Maybe health care consumers aren't as dumb as they look

It's been clear for some time that consumers don't tend to make use of health care quality reports even when they're available. If anything, consumer reliance on such reporting is dropping. According to the Kaiser Family Foundation:

Fewer U.S. residents use Web sites that rate health services when selecting insurance plans, hospitals or physicians, according to state and national studies...A survey released in October by the Kaiser Family Foundation found that fewer than 15% of U.S. residents used quality ratings services to help them make decisions about health insurance plans, hospitals or physicians, compared with about 20% of people who said they had used comparative quality ratings in 2004 and 2006. Most people said they never have seen or used comparative quality information services, the survey found...Bryan Liang, executive director of the Institute of Health Law Studies at California Western School of Law, said, "The basic problem of these kinds of ranking systems is that patients do not choose on the basis of scores," adding, "They choose on the basis of personal familiarity and experience with the health care entity or provider"

It sure sounds like consumers need more education to act on the information that's out there. The CMS website Hospital Compare has even been running an advertising campaign to encourage consumers to make use of such data.But maybe consumers are rational to ignore quality ratings, at least for hospitals. An article in the current Health Affairs (Choosing The Best Hospital: The Limitations of Public Quality Reporting) reveals why this may be so.The authors identified five public reporting services (Hospital Compare, HealthGrades, Leapfrog Group, US News and World Report, and Massachusetts Quality and Cost Council) and used them to compare various Boston-area hospitals on four non-emergent conditions: community acquired pneumonia, total hip replacement, percutaneous coronary intervention (PCI) and coronary artery bypass graft (CABG).The services provided wildly inconsistent rankings, even on the same measures. For example:

...the two hospitals ranked first for CABG by at least one service were also ranked fourth and last by another... Conversely, the two hospitals that were ranked last for CABG by at least one service were ranked first or second by another.

But even more damning than that is that the ratings don't reveal any serious differences.

Most rating systems did not perform statistical tests, but when they did, all nine hospitals were indistinguishable. In fact only one hospital (out of 71) in the state had cardiac mortality that was statistically better than the mean.

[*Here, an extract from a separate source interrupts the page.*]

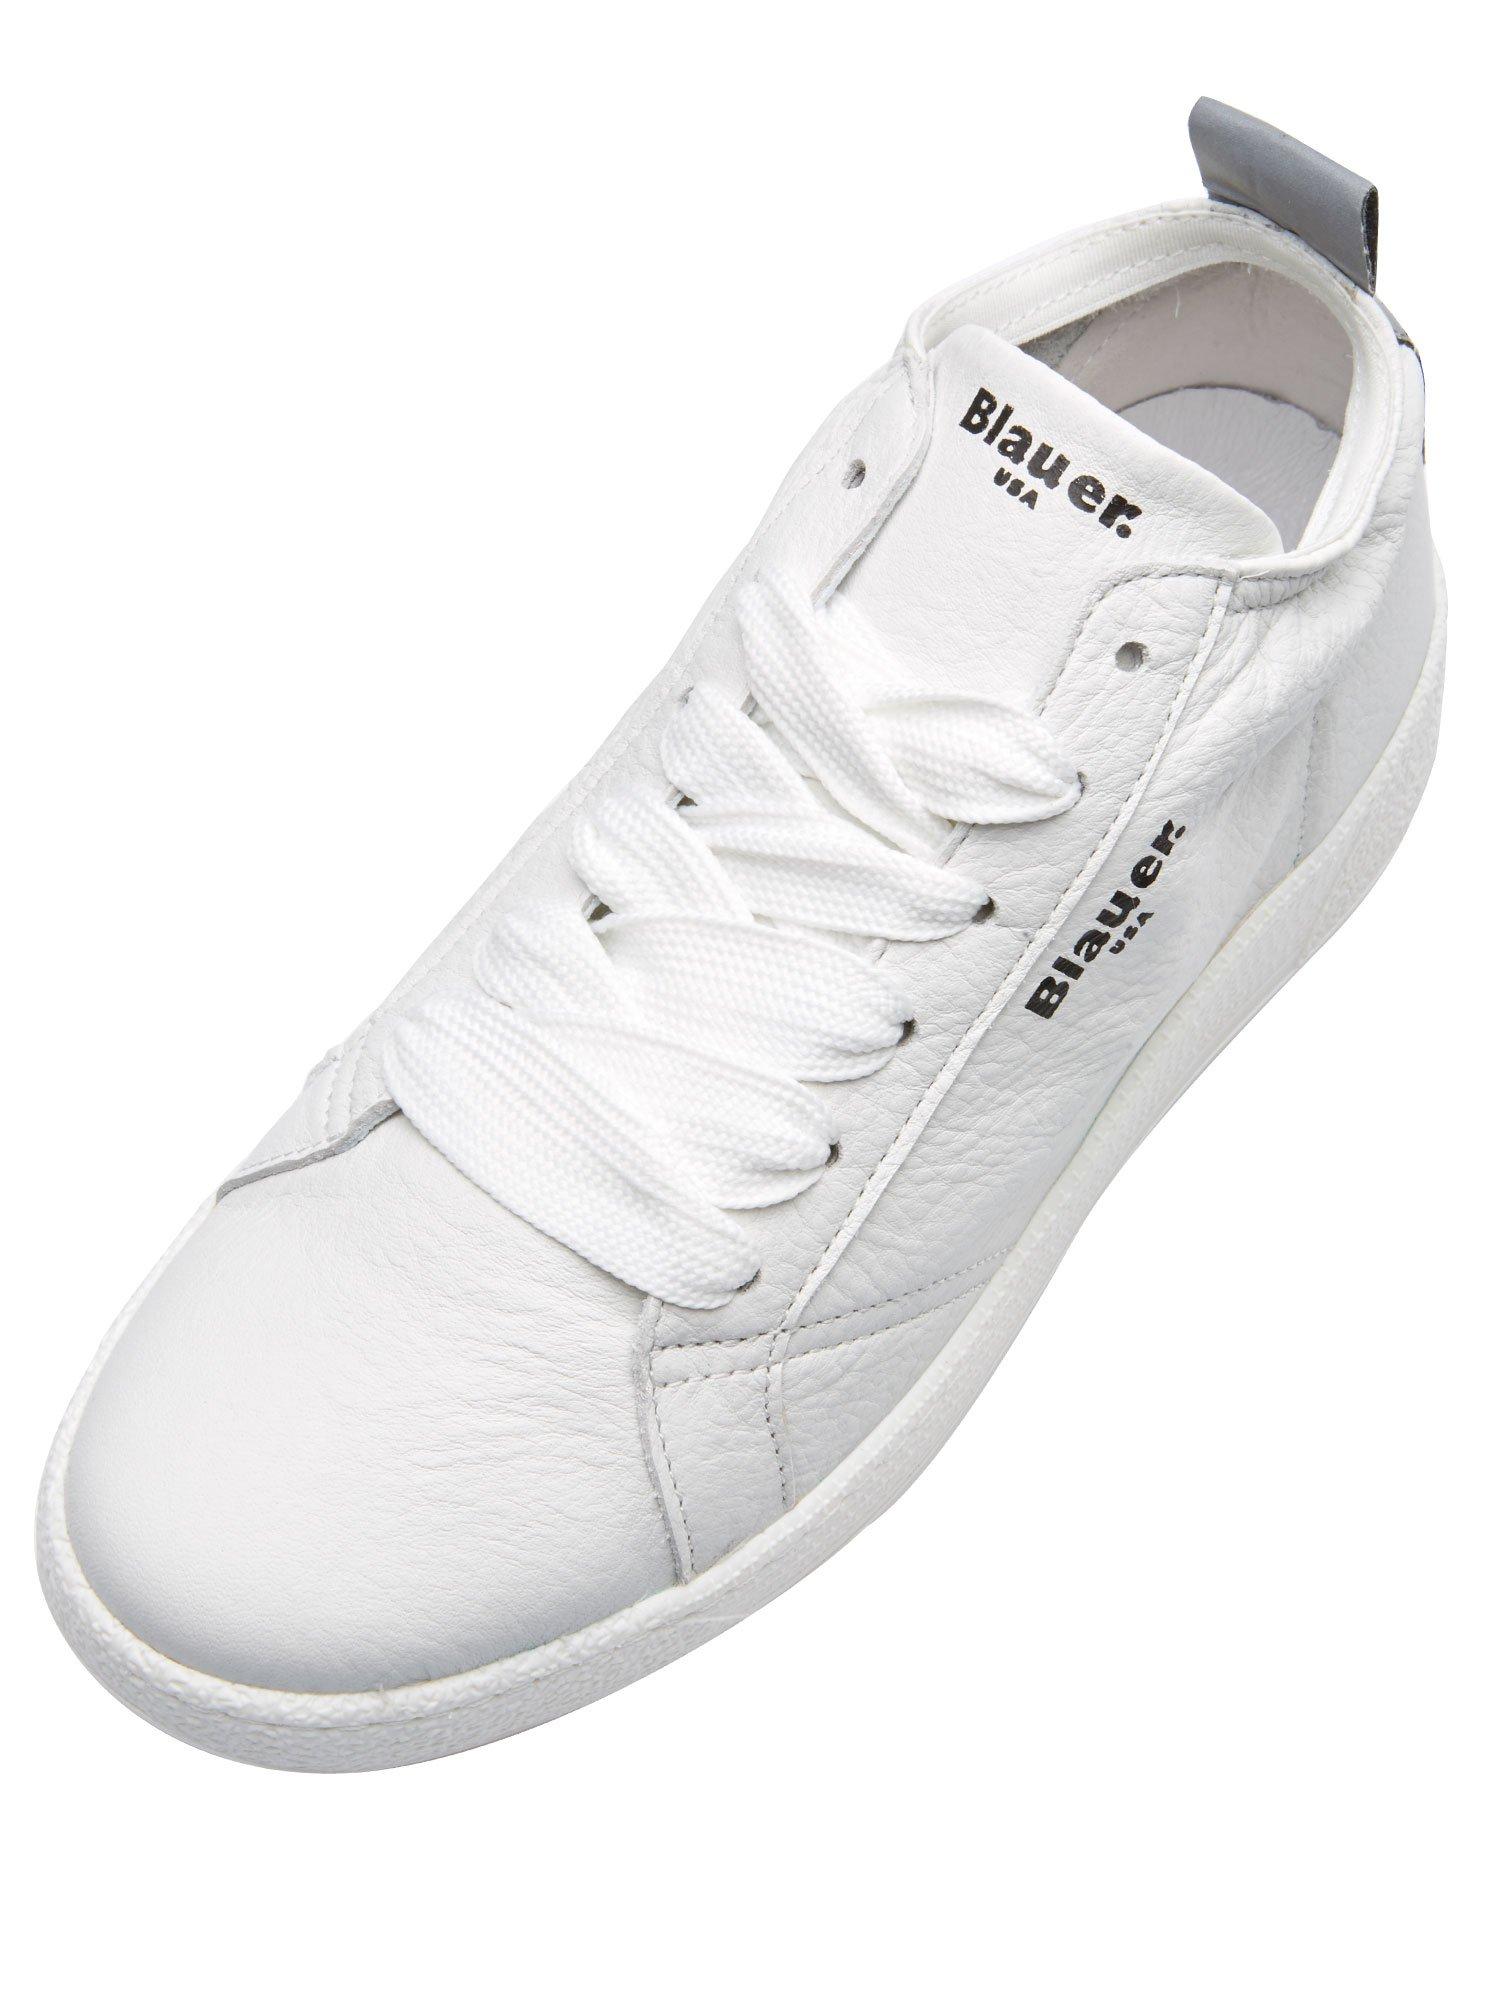 Blauer - OLYMPIA LEA Sneakers alte - Bianco - Blauer

It's actually even worse than that. The scores for each hospital represent an average across physicians and cases. Who's really able to say what the quality will be for a given patient with a given doctor?Considering the state of the art, no wonder people rely on personal experience, relationships, and anecdotes when choosing a hospital?By the way my preferred way to choose a hospital or physician is to speak to the fellows, or --better yet-- have a family member who's a doctor do so. Fellows are in the best position to see and understand what really goes on, and are still young and idealistic enough to level with you about it. I admit this is not a practical route for most people, but that doesn't stop me from recommending it.